Зеркало судьбы - Виктор Павлович Точинов
До отъезда Чечевицын-папа попросил времени и места серьезно переговорить с сыном — после чего оба удалились в освобожденный для этой цели флигель приказчика.
Разговор длился чуть более часа. Старшие девочки, Соня и Катя, бродили неподалеку, слегка тревожась: но нет, тех звуков, что обычно сопровождают экзекуции, не доносилось (впрочем, понятие о том у сестер имелось скорее умозрительное — папаша Королев выписывал сыну горячих редко и с бережением, хотя и в том самом флигеле).
Затянувшийся разговор окончился и вскоре Чечевицын-отец увез своего сына.
Когда Чечевицын уезжал, то лицо у него было суровое, надменное, и, прощаясь с девочками, он не присел и не сказал ни одного слова; только взял у Кати тетрадку и написал в знак памяти: "Монтигомо Ястребиный Коготь".
Машенька Королева наблюдала за этим со стороны, из угла гостиной, и сама не понимала, отчего ее глаза все сильнее заполняются слезами.
6. 1918
— Вздремнувши, товарищ Чечевицын? — небрежно спросил комэска Фокин. — Гляжу, ты носом заклевал, так и не стал тревожить, хоть так, думаю, передохнет малеха…
Фокин и двое его ординарцев ехали рядом верхами. Остальные всадники отряда растянулись колонной по двое и впереди, и позади брички.
— Давно? — спросил чекист, растирая глаза кулаками.

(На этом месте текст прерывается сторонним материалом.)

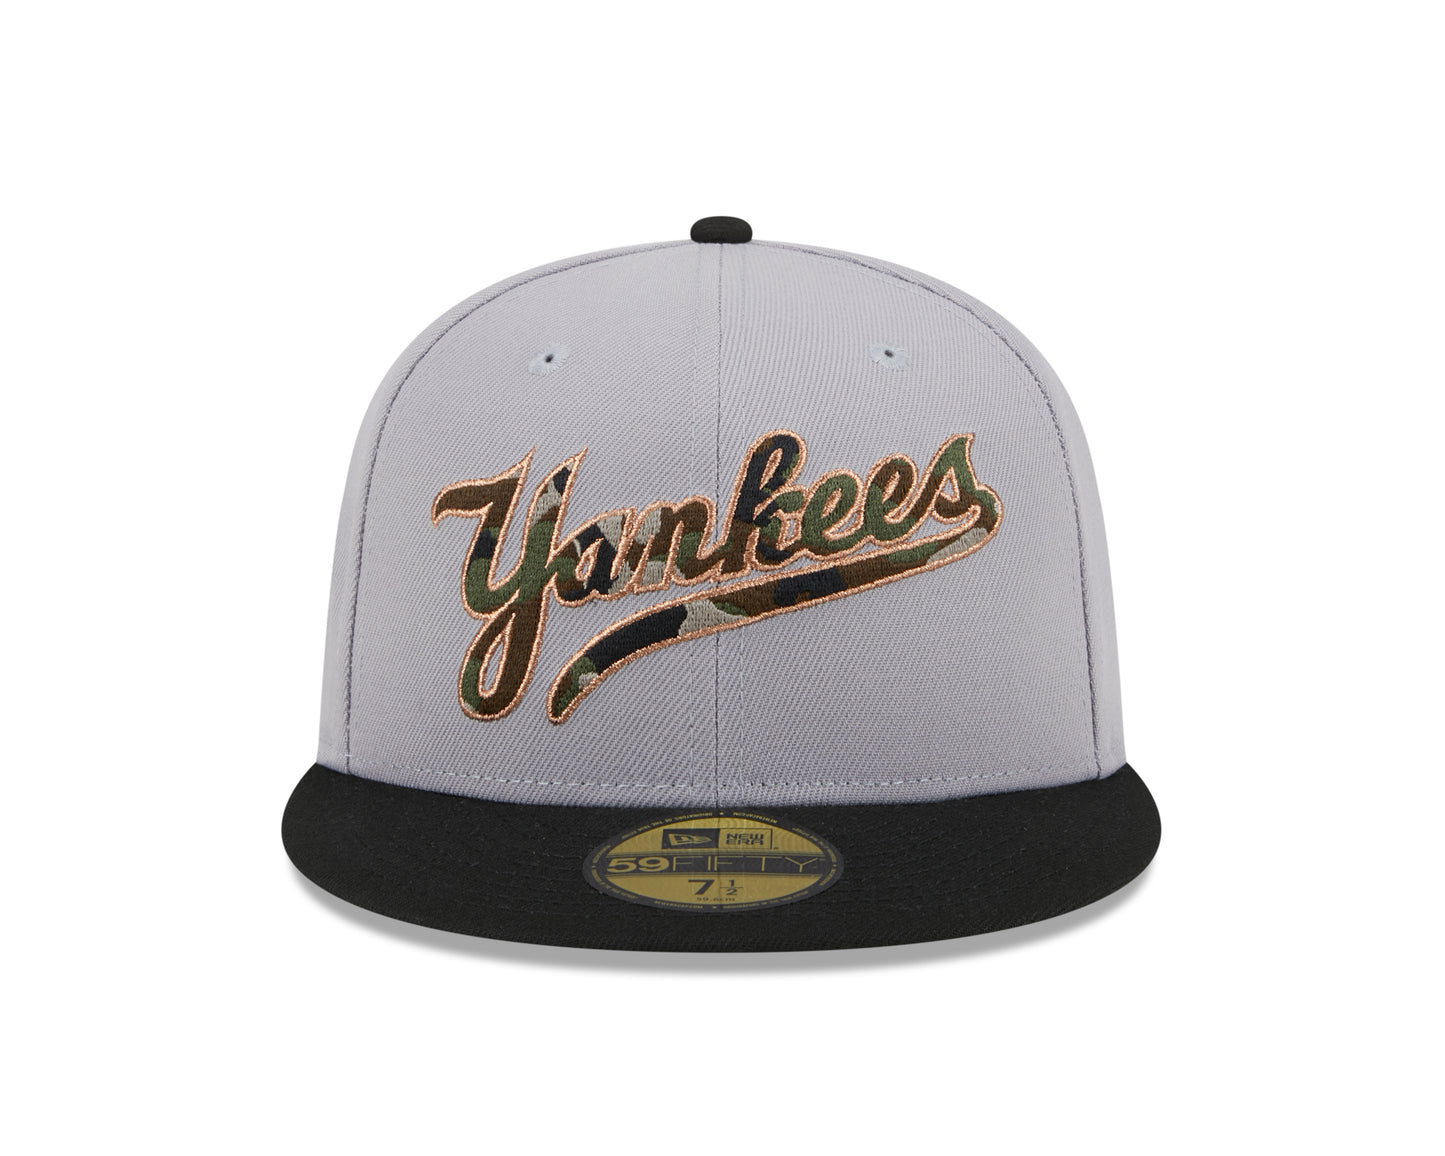 New Era - CAMO FILL - New York Yankees - Grey - Headz Up

— Чё давно-то? — не понял комэска.
— Сплю давно?
— Дык с полверсты, как задремавши…
— Надо ж, какой сон длинный привиделся… Давненько такое не снилось… Бывал я детстве в этих местах… Давно, пятнадцать лет назад. Правда, тогда зима была… Навеяло, видать.
Комэска посмотрел искоса: лицо у спецуполномоченного стало другим, словно помолодело на те самые пятнадцать лет… И еще мечтательность появилась, и во взгляде, и в улыбке (широкая улыбка на лице у Чечевицына… второе пришествие грядет, не иначе).
— Когда стадо бизонов бежит через пампасы, то дрожит земля, — сказал чекист и даже голос его стал другим, словно бы детским, — а в это время мустанги, испугавшись, брыкаются и ржут.
— Чё, чё? — изумился Фокин.
Чечевицын вновь грустно улыбнулся и добавил:
— А также индейцы нападают на поезда…
— Поспал бы ты в бричке еще, товарищ уполномоченный, пулеметы сдвинувши. Каки-таки, богомать твою, индейцы? Чай от нас до Индии вест с полтыщи, кабы не поболее (Чечевицын после этих слов улыбнулся обычной своей заледеневшей улыбкой, самыми кончиками губ.) Бандюки из тутошних погромили поезд на разъезде, верно тебе говорю…
— Не читал Майн-Рида… — постановил спецуполномоченный уже самым обыденным своим голосом, жестким и твердым, словно протокол подписать предложил.
— Какой там май, до мая я не доучившись… — махнул рукой комэска. — Зимой в церковно-приходскую походил, а как весна, батяня за шкирятник сгреб: хорош, мол, учиться, ученый, мол, уже… Только буквы и осилил. А чтоб слова из них… так то в унтер-офицерской школе, десять годков спустя, учили складывать.
Комэска помолчал, вернулся к насущному:
— Банда, верно тебе говорю. И не откель-то залетные, самые, богомать твою, тутошние.
— Пока не банда… — рассеянно сказал Чечевицын, все еще вспоминая свой сон.
— Чё?
— Не банда, говорю. Дезертиры, местные, с Коммунарово, несколько с других деревень ближних… В Парамоновском лесу сидят, от мобилизации прячутся. Всего десятка три, но при оружии из них меньше половины. Вот еще пару налетов проведут, винтовками, наганами, патронами разживутся, кровью друг друга повяжут… Тогда будет банда.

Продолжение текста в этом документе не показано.